Curaçao = Cure a Sow

Punda and the Queen Emma Pontoon Bridge – a UNESCO world heritage site.

Hello Lady Sensory,

Your package was sent out on February 9, 2012. It usually takes 14-21 working days to arrive at its destination. At this moment it has been 12 working days.
Please let us know when it arrives….
Every time I place an order, I forget how long this package takes to get to the U.S. and wind up looking like an impatient shrew.  If I tell you what’s inside you’re totally going to think I’m looney-tunes.  Ever since I hightailed it to Curaçao two years ago, I’ve been purchasing this treat for myself at least once a year.  I’ll make this my first installment regarding my trip to Curaçao, which is pronounced exactly as described in the title of this post. Contrary to popular belief, it does not rhyme with Morocco.  I picked this destination due to the wide array of things to do, but also for its reputation for being the current “hot destination” for arts, architecture and culture in the Caribbean.  I have to say, it did not disappoint.  I’m only going to cover some highlights for this particular post, but don’t worry – we’ll get to the rest (restaurants, a special day trip and my getting stranded in Aruba) at some point!
Curaçao is noted for its Dutch-influenced architecture (as pictured above) as well as this nifty floating market (below).  The boats come in from Venezuela and offer fresh produce and other goods.  There are also local artisans and craftspeople offering their items nearby.

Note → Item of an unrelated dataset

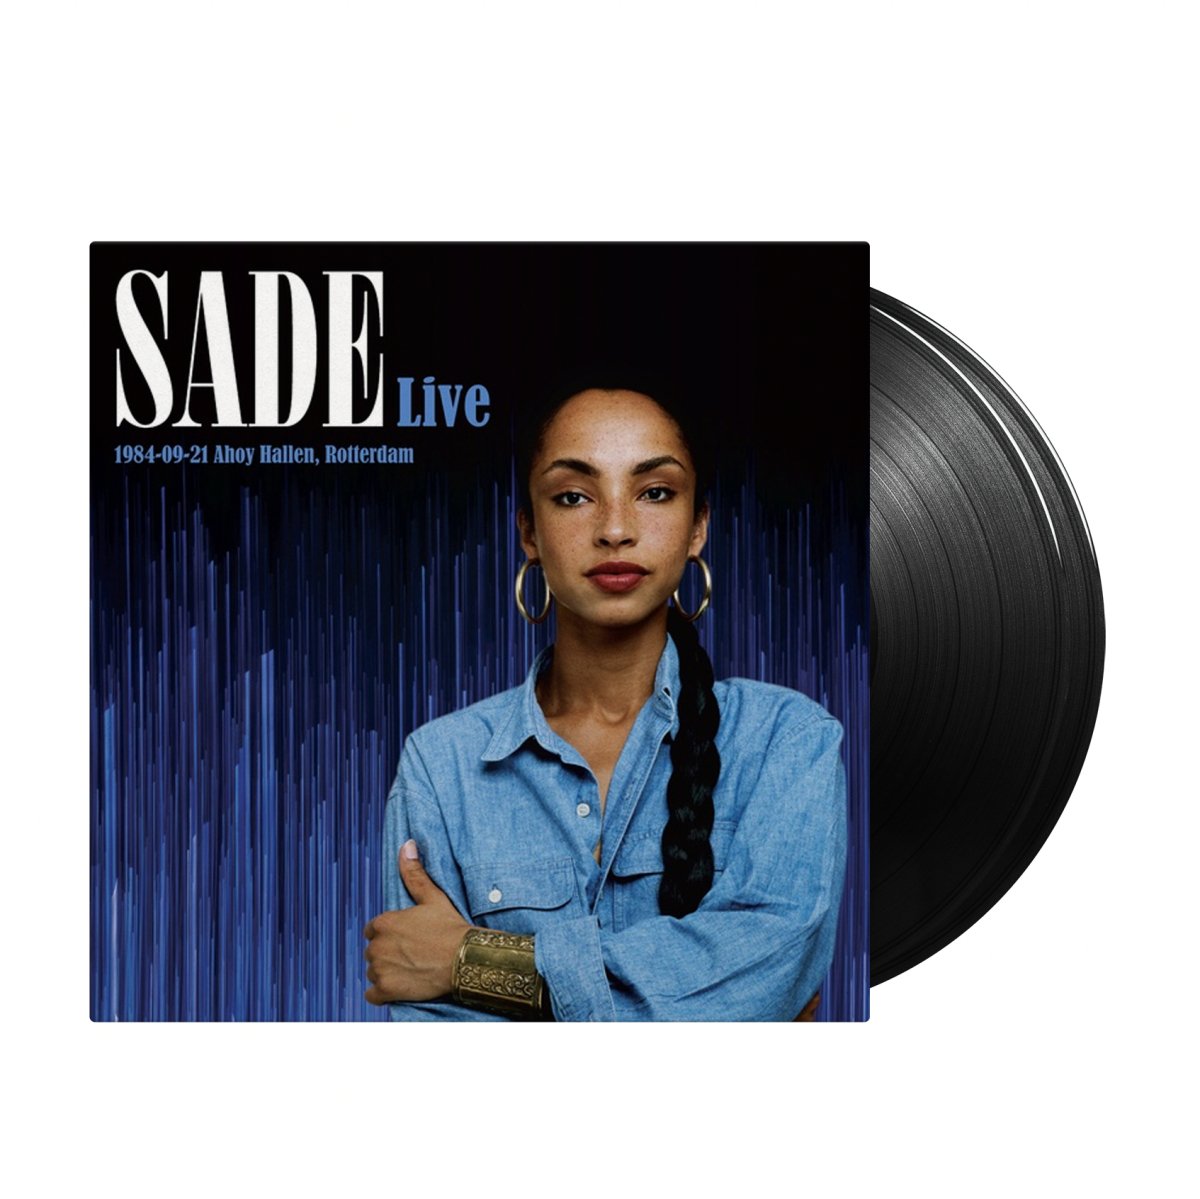 Sade - Live 1984 Ahoy Hallen, Rotterdam - Inner Ocean Records

Floating market in Curaçao

I’ll have you know that by the time I arrived in Curaçao I was a hot mess. Seriously.  I had recently been in a car accident and had some ridiculous work drama going on that anyone who has ever worked in sales could appreciate.  We won’t dwell on that now, but I will say that my stress-induced, adult-onset acne was a living reminder of Ramona Quimby’s sister, who was nicknamed ‘Pizza Face,’ in one of those Beverly Cleary novels.  So when I got to the hotel and still had some daylight hours to mosey around, I headed to the Kura Hulanda Museum which is located right on the property of the Kura Hulanda Resort which features African art and exhibits revolving around the Trans-Atlantic Slave Trade.

Mikve Israel-Emanuel Synagogue

Liqueur distillery at Chobolobo. Hey, it was 5:00 somewhere....

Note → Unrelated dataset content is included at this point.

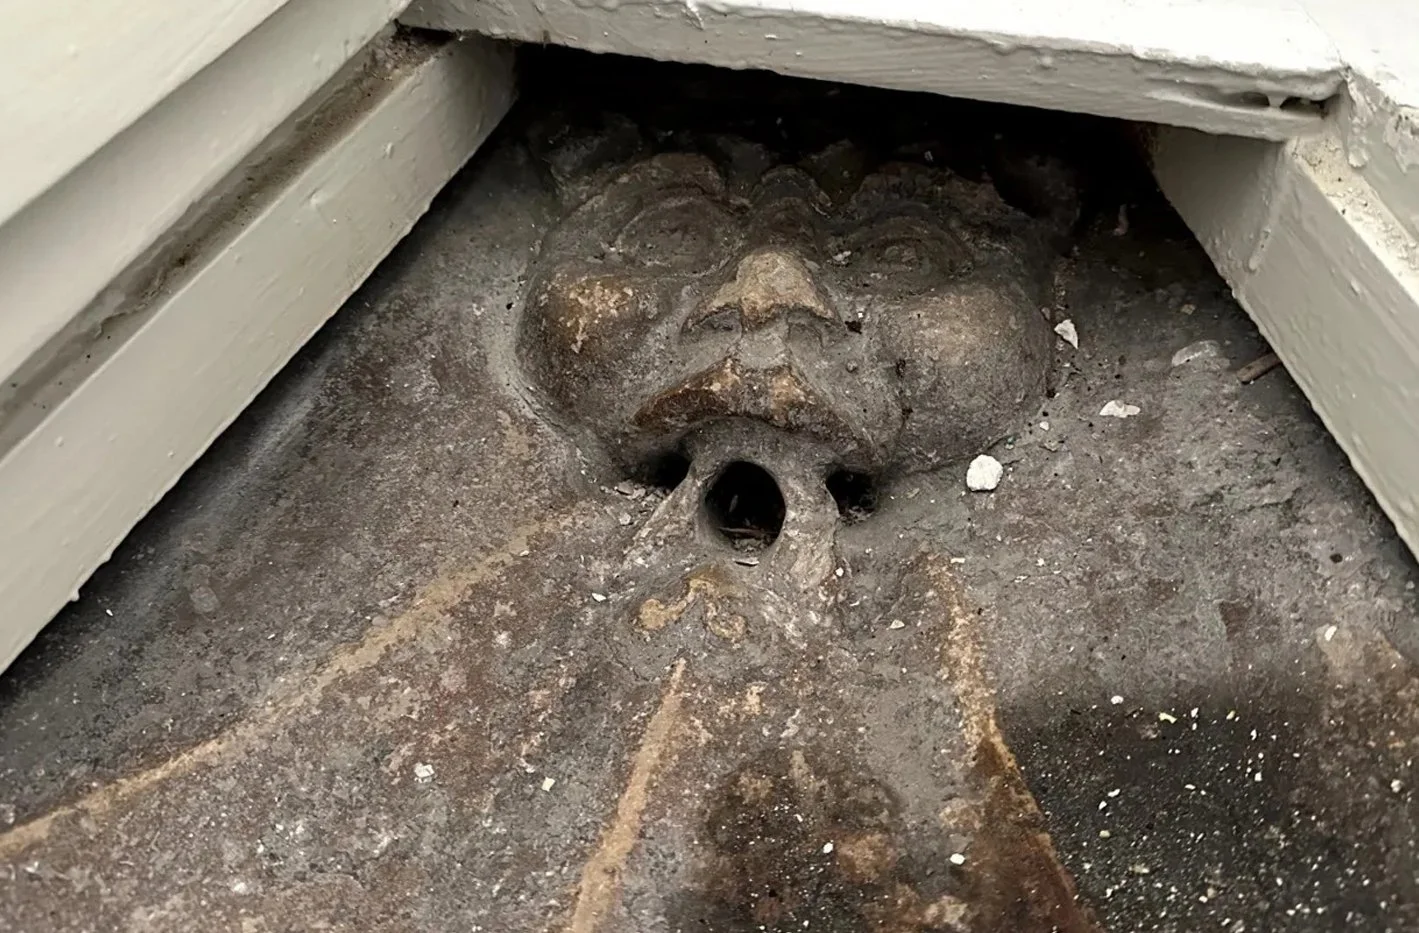 Medieval imp found in hidden trapdoor above toilet

The work of local artist, Nena Sanchez

While in Curaçao, I went to an aquarium, took a jeep excursion up to Christoffel National Park, visited a Synagogue, hit the Landhuis Chobolobo to sample some Senior Curaçao of Curaçao liqueur, photographed tons of architecture and managed to get sunburned three times despite liberal application of sunscreen – the sun is very intense there!  It’s relatively easy and inexpensive to get around Curaçao by bus if you don’t mind taking your time to get from place to place.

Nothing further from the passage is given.